▶ **RECORDED INFORMATION**:
▬▬▬▬▬▬
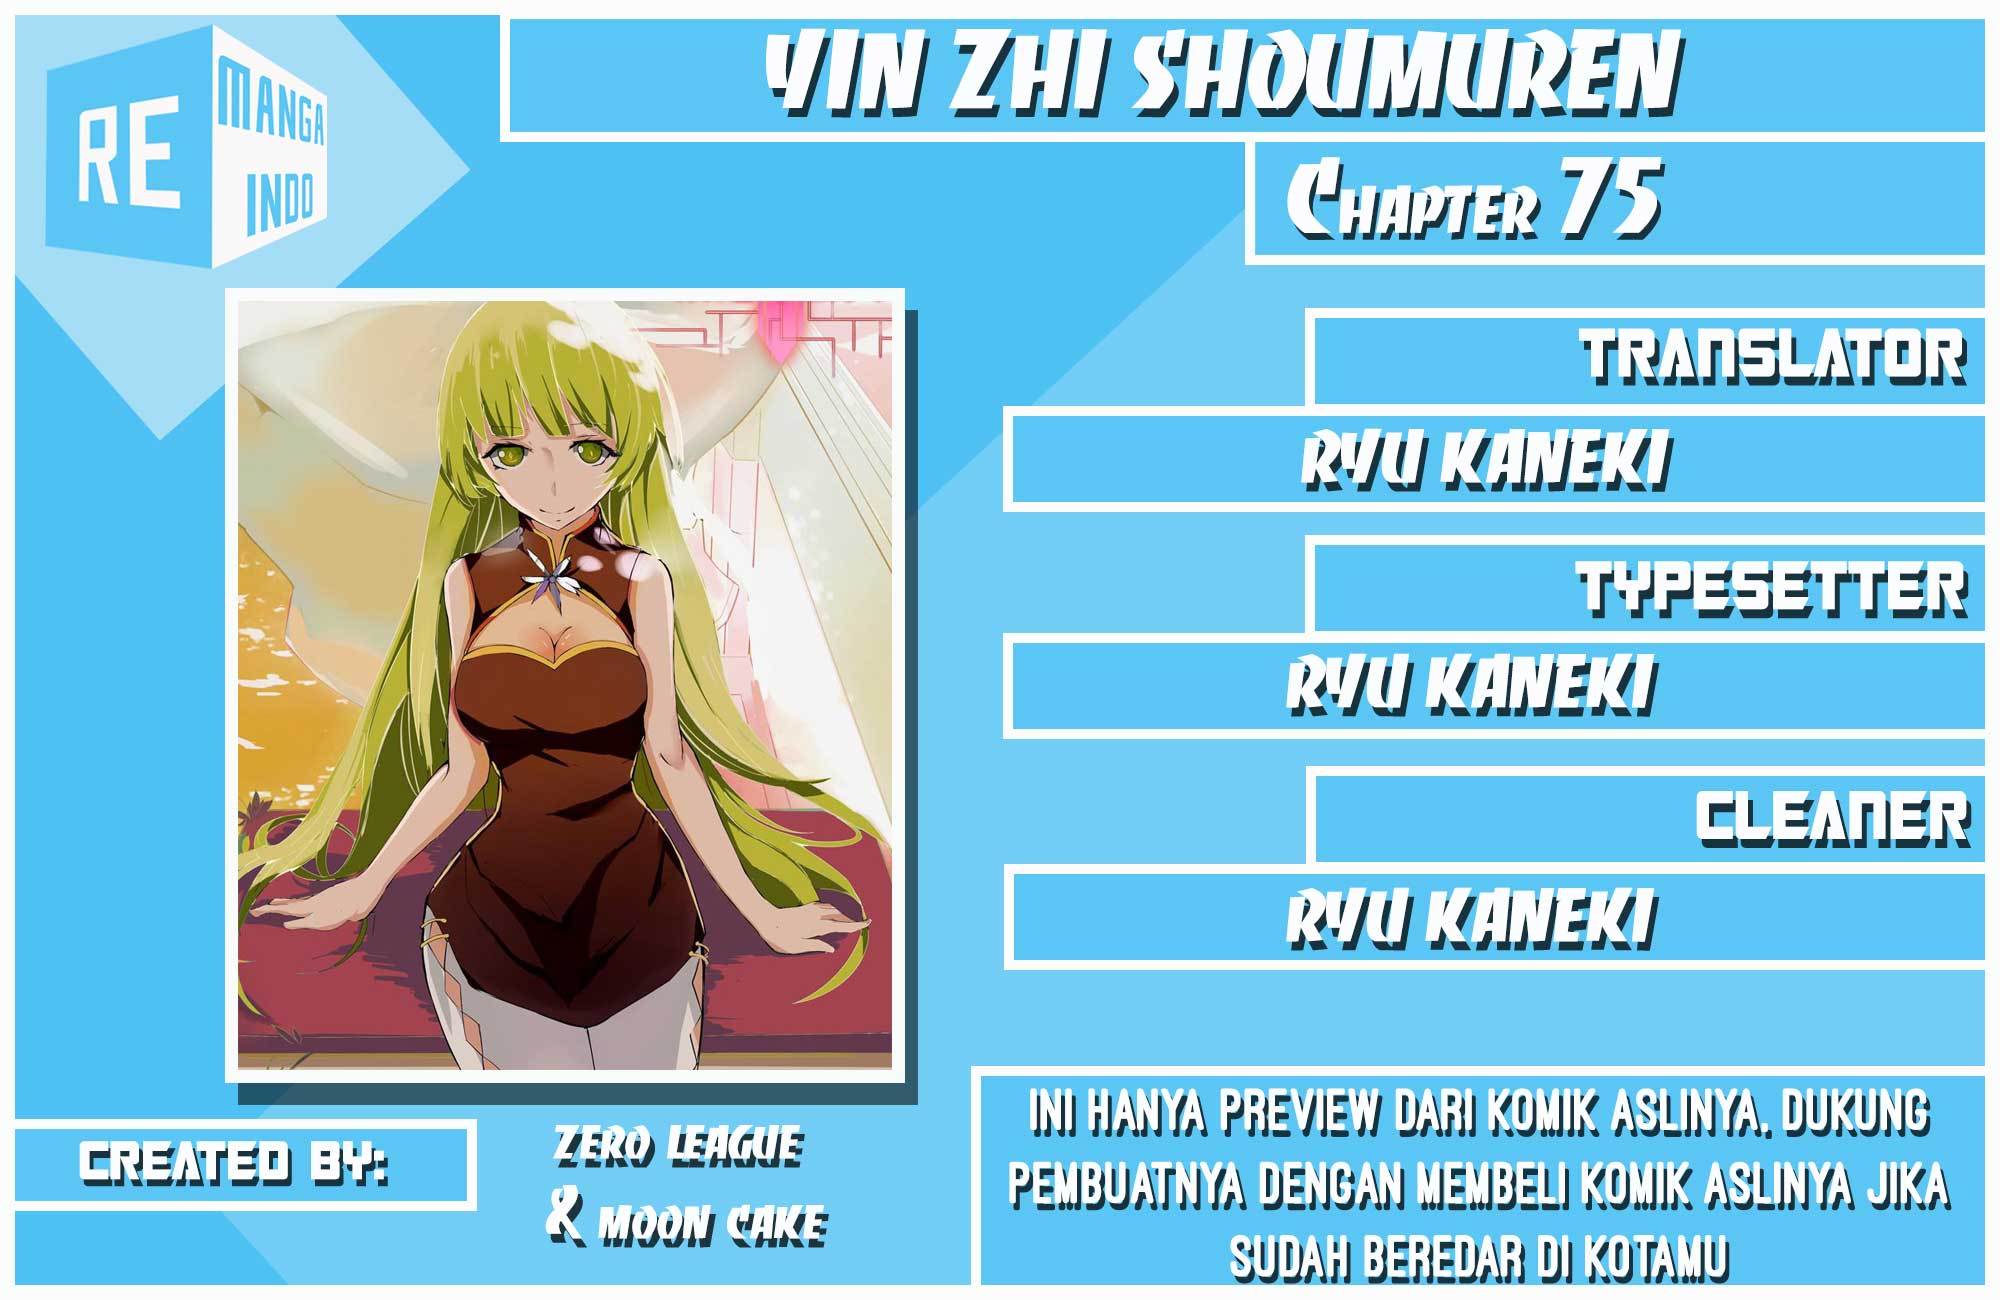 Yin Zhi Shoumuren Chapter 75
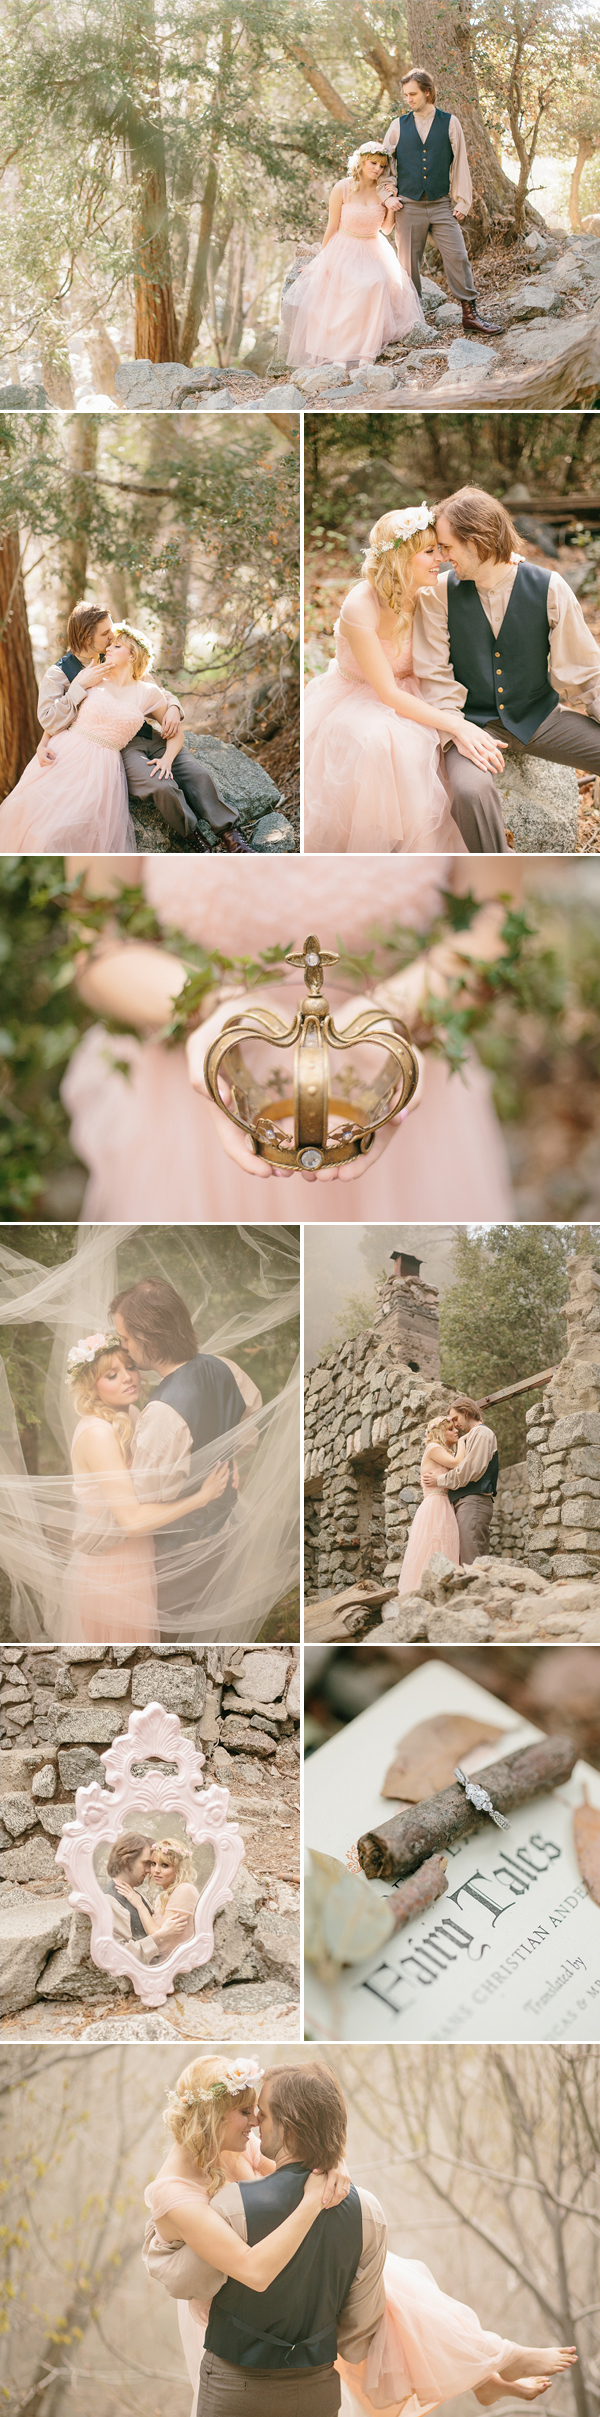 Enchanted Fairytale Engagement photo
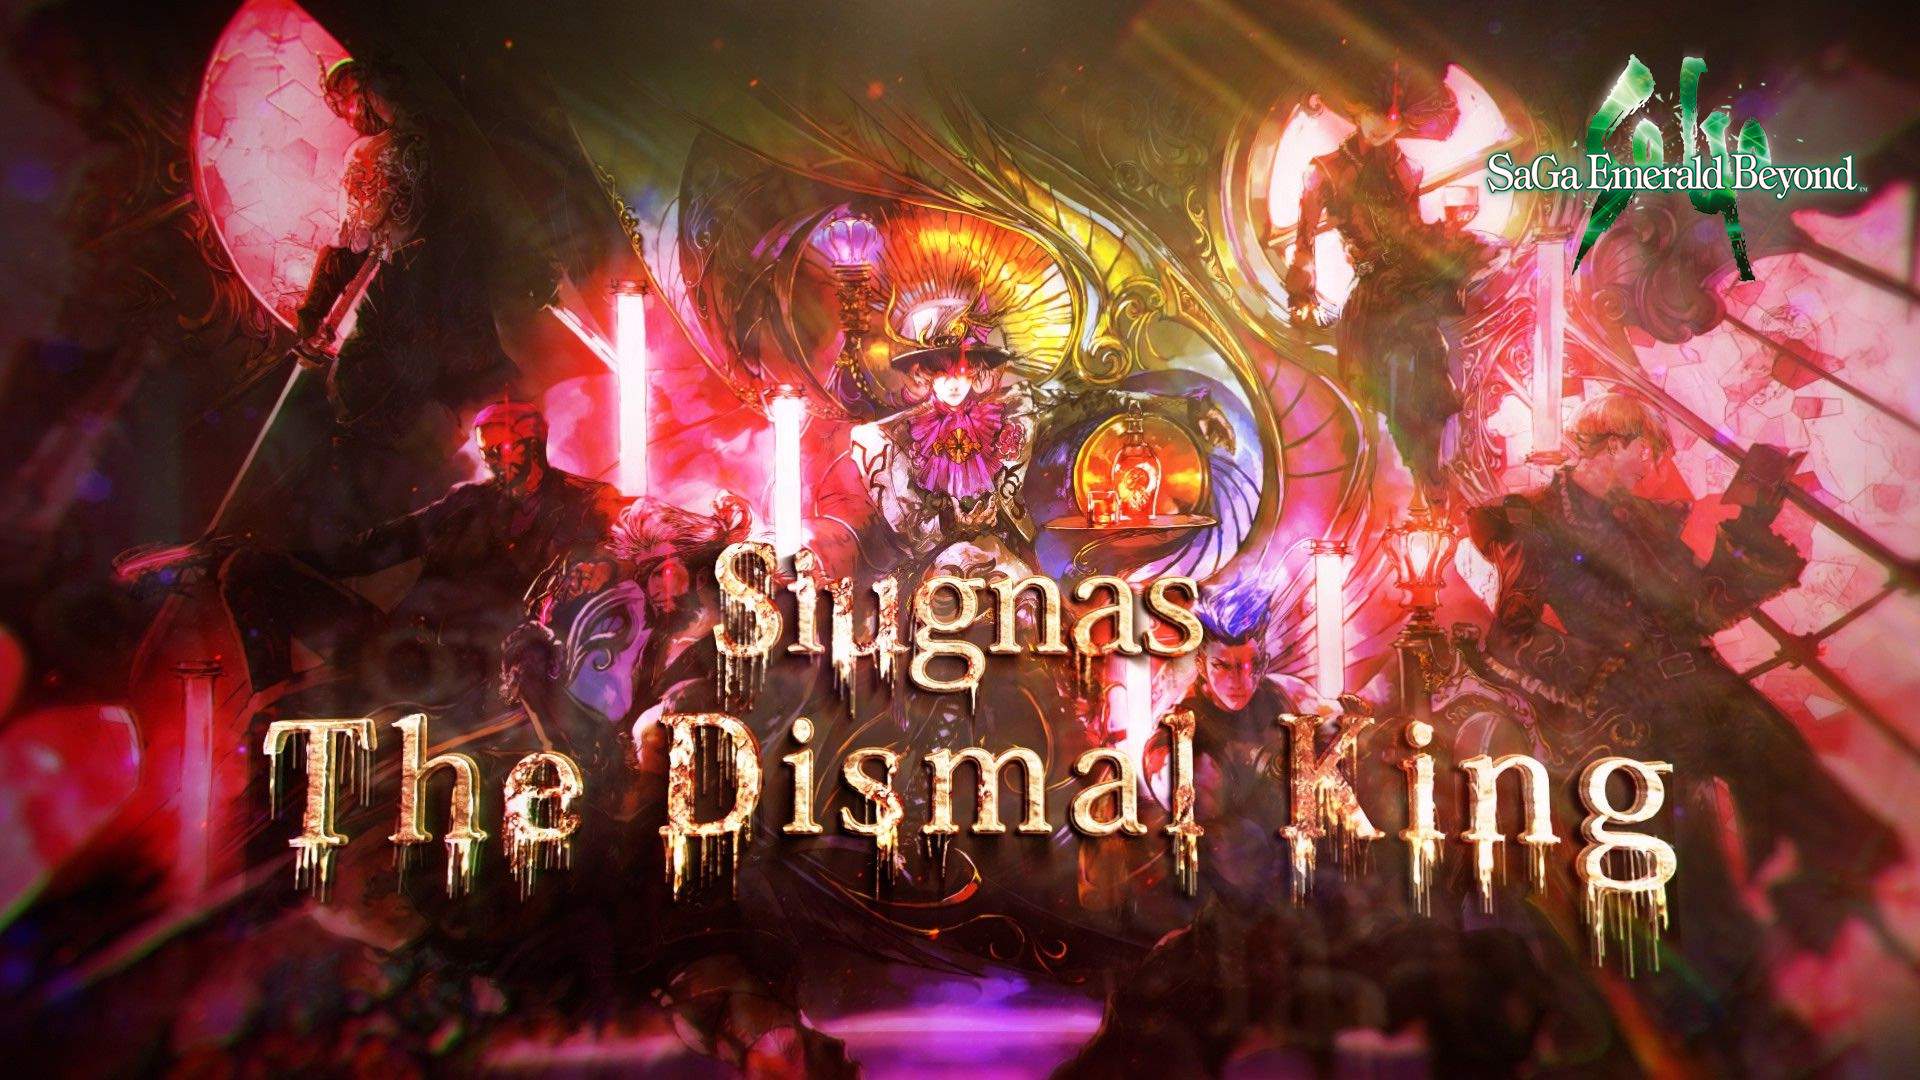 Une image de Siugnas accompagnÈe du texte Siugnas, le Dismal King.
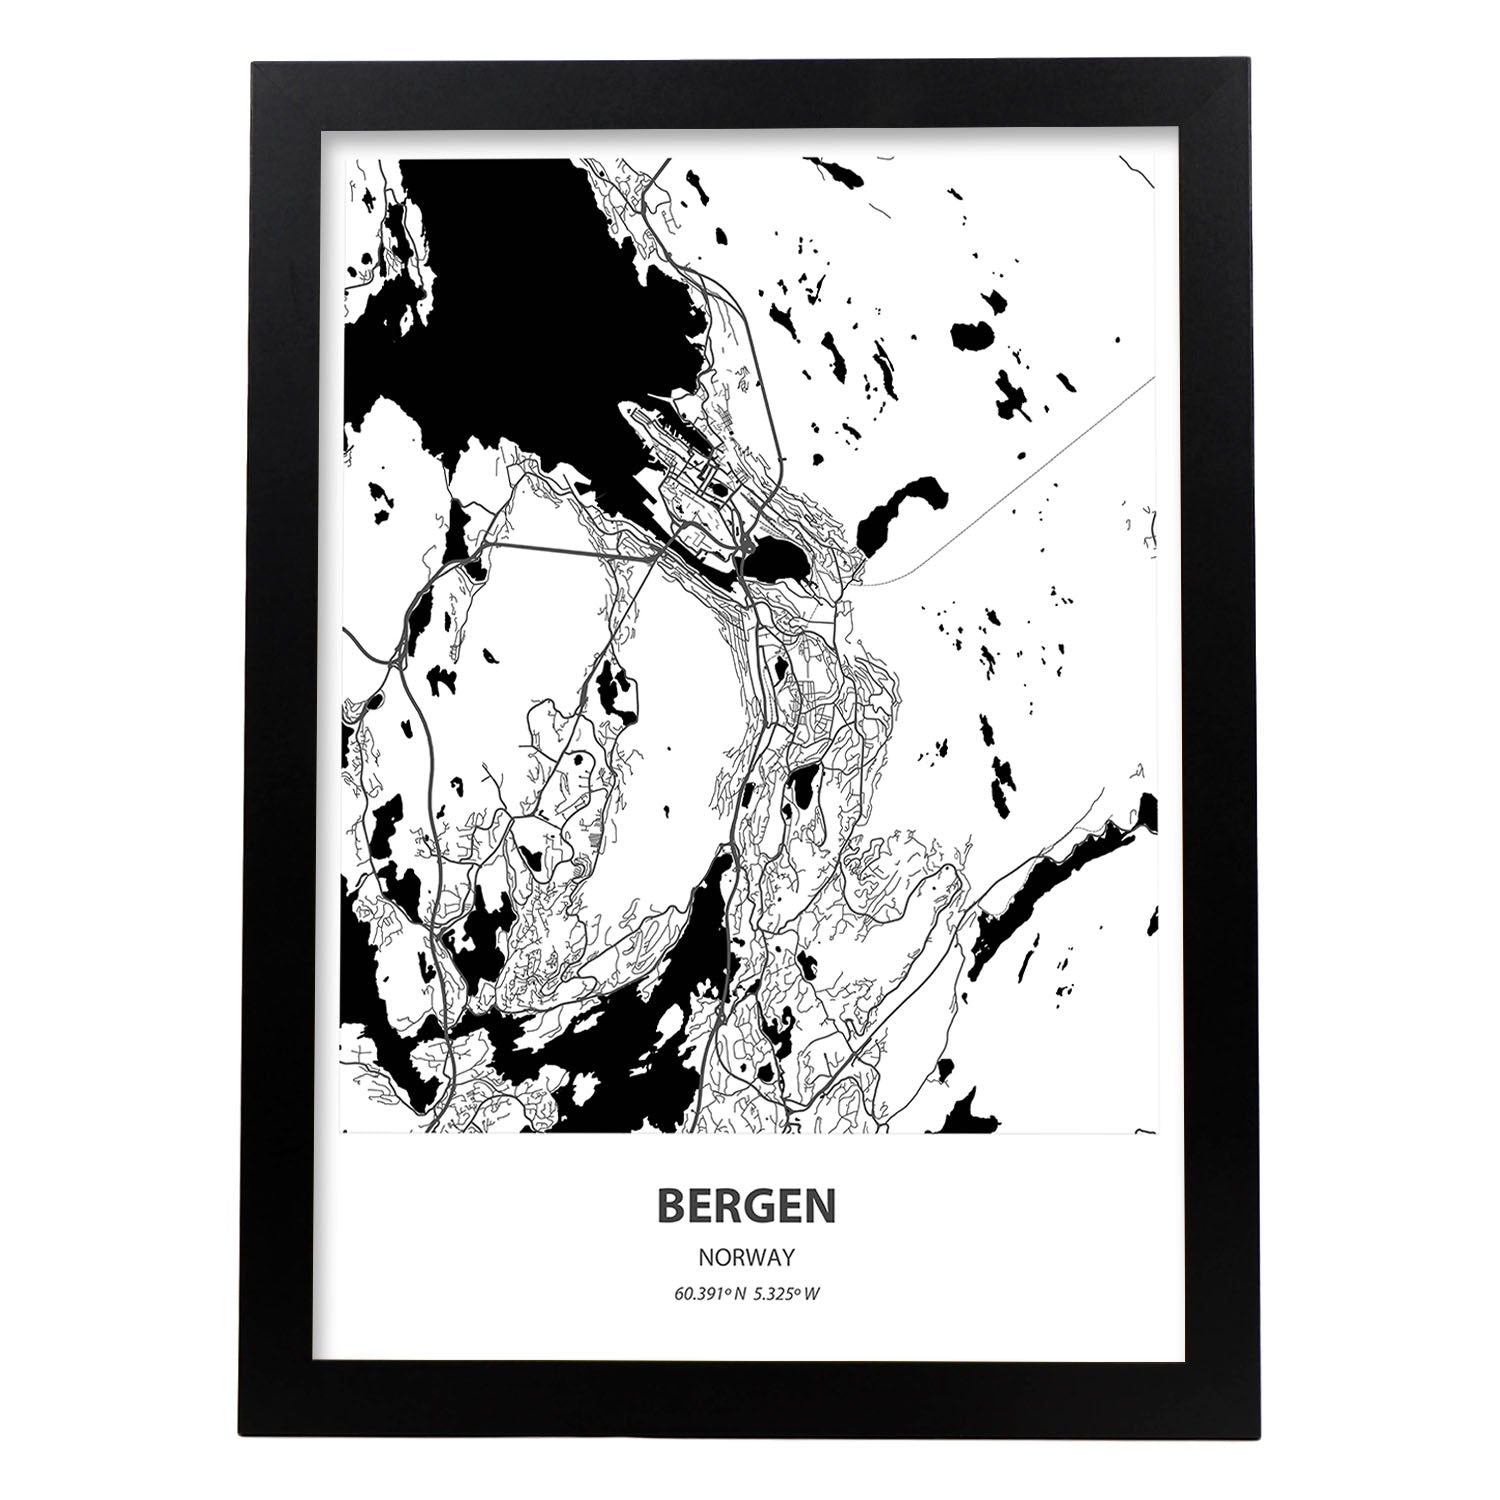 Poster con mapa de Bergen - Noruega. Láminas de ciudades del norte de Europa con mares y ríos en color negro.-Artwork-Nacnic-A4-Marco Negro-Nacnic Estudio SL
▬▬▬▬▬▬
▶ **WHAT YOU SHOULD DO**: Repeat the data in full, exactly as it stands, but drop every picture.

▶ **SOLUTION TO THE PROBLEM**:
 Yin Zhi Shoumuren Chapter 75
 Enchanted Fairytale Engagement photo
 Une image de Siugnas accompagnÈe du texte Siugnas, le Dismal King.
 Poster con mapa de Bergen - Noruega. Láminas de ciudades del norte de Europa con mares y ríos en color negro.-Artwork-Nacnic-A4-Marco Negro-Nacnic Estudio SL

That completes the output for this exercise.